Question

The potential energy of a particle varies with distance x from a fixed origin as $V\, = \,\dfrac{{A\sqrt x }}{{x + \,B}}$ where $A$ and $B$ are constants. The dimensions of $AB$are
(a). $\left[ {{M^1}{L^{\dfrac{5}{2}}}{T^{ - 2}}} \right]$
(b). $\left[ {{M^1}{L^2}{T^{ - 2}}} \right]$
(c). $\left[ {{M^{\dfrac{3}{2}}}{L^{\dfrac{5}{2}}}{T^{ - 2}}} \right]$
(d). $\left[ {{M^1}{L^{\dfrac{7}{2}}}{T^{ - 2}}} \right]$

Answer 1

- Hint: In this question you need to first understand that they are asking about the dimension of AB, so we need to find A and B individually and then multiply them in order to get the dimensional formula for AB. The dimensions are based on the parameters used in calculating the term.
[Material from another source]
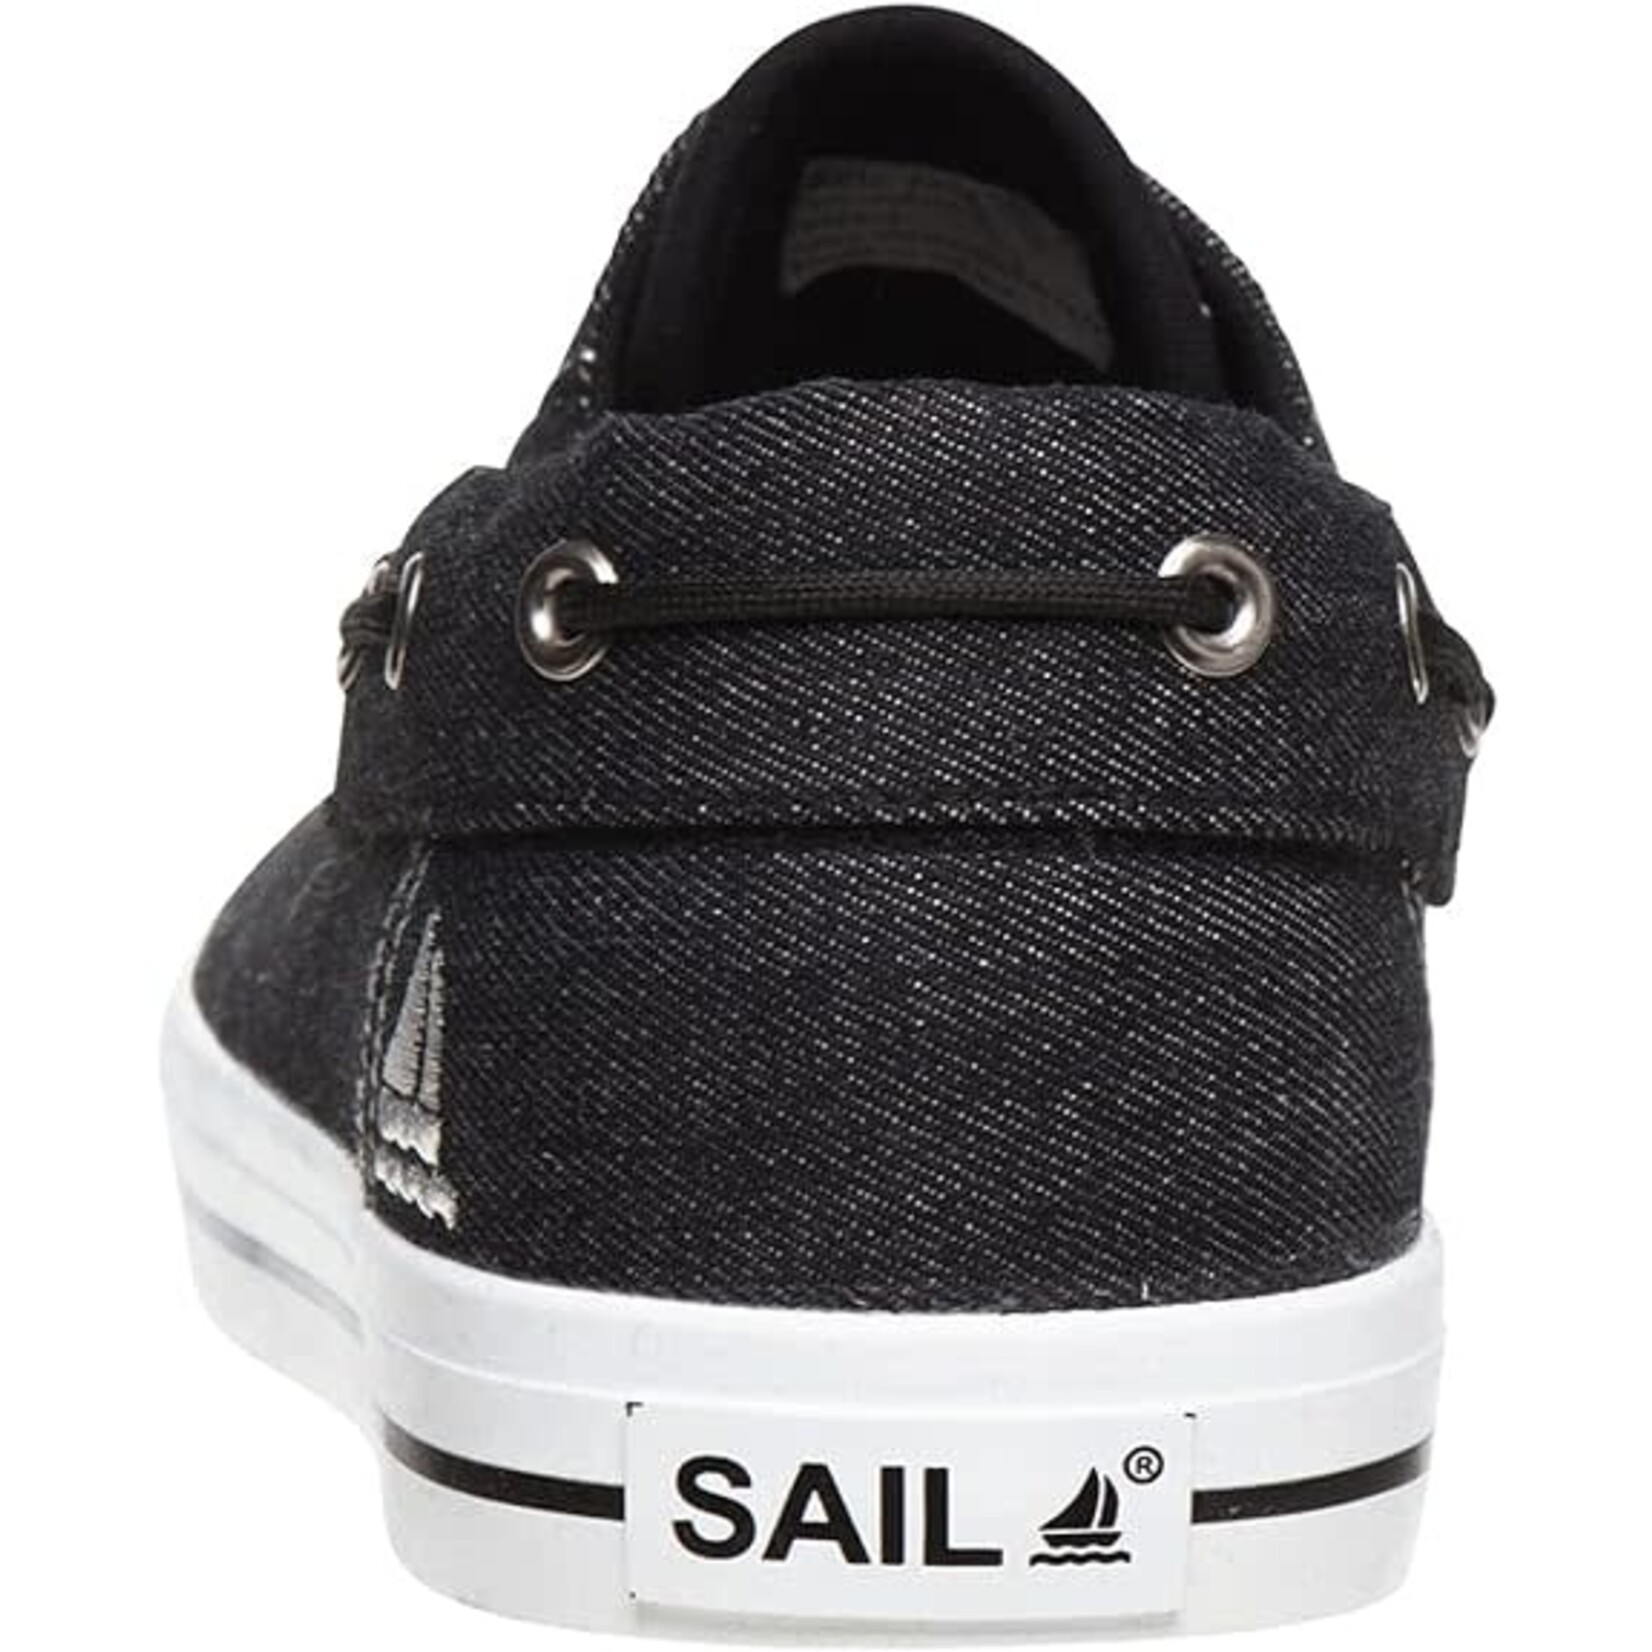 Sail Sail Men's Moc Toe Boat Sneaker - AHOY

Complete step-by-step solution -

First of all, let's discuss some terms.
Potential Energy-
An object can store energy as a result of its position and this stored energy of position is known as Potential energy. In simple words, Potential energy can be defined as the form of energy that an object gains when it is lifted.
Some examples of Potential Energy are-
Gravitational Potential Energy (associated with Gravitational Force)
Elastic Potential Energy (based on elasticity)
Chemical Potential Energy (based on structural arrangement of atoms/molecules)
Electrical Potential Energy (based on electrical charges)
Magnetic Potential Energy (based on magnetic properties)
Now we will solve the query.
Given that Potential energy of a particle varies with a distance from fixed origin as $V\, = \,\dfrac{{A\sqrt x }}{{x\, + \,B}}$
Also, we can see that $x$ and $B$ are added together. Hence it means that their dimensions are the same.
i.e. dimension of $x$ = dimension of $B$ ( i.e. = $L$)
Also, we know that dimension of potential energy $V = \,\left[ {M{L^2}{T^{ - 2}}} \right]$ - (1)
Now, dimension of $V$= dimension of \left\\{ {A\sqrt x } \right\\}/ dimension of \left\\{ {x\, + \,B} \right\\}
$\Rightarrow \,\,V\, = \,\dfrac{{\left[ A \right]\left[ {\sqrt x } \right]}}{{\left[ {x\, + \,B} \right]}}$
$\Rightarrow \,\,\left[ A \right]\, = \,\dfrac{{\left[ V \right]\,\left[ {x\, + \,B} \right]}}{{\left[ {\sqrt x } \right]}}$
$\Rightarrow \,\,\left[ A \right]\,\, = \,\dfrac{{\left[ {M{L^2}{T^{ - 2}}} \right]\left[ L \right]}}{{\left[ {{L^{\dfrac{1}{2}}}} \right]}}$ (from equation 1)
$\Rightarrow \,\,\left[ A \right]\,\, = \,\left[ {M{L^{\dfrac{5}{2}}}{T^{ - 2}}} \right]$
Now, we have found the dimension of $A$, and we already have the dimension of $B$, now we can find the dimension of $AB$
Hence,
$\Rightarrow \,\,\left[ {AB} \right]\,\, = \,\,\left[ A \right]\left[ B \right]\,\, = \,\,\left[ {M{L^{\dfrac{5}{2}}}{T^{ - 2}}} \right]\,\,\left[ L \right] \\\ \Rightarrow \,\,\left[ {M{L^{\dfrac{7}{2}}}{T^{ - 2}}} \right] \\\$
Hence, the correct option is (D) $\left[ {M{L^{\dfrac{7}{2}}}{T^{ - 2}}} \right]$

Note- An object can store energy as a result of its position and this stored energy of position is known as Potential energy. In simple words, Potential energy can be defined as the form of energy that an object gains when it is lifted.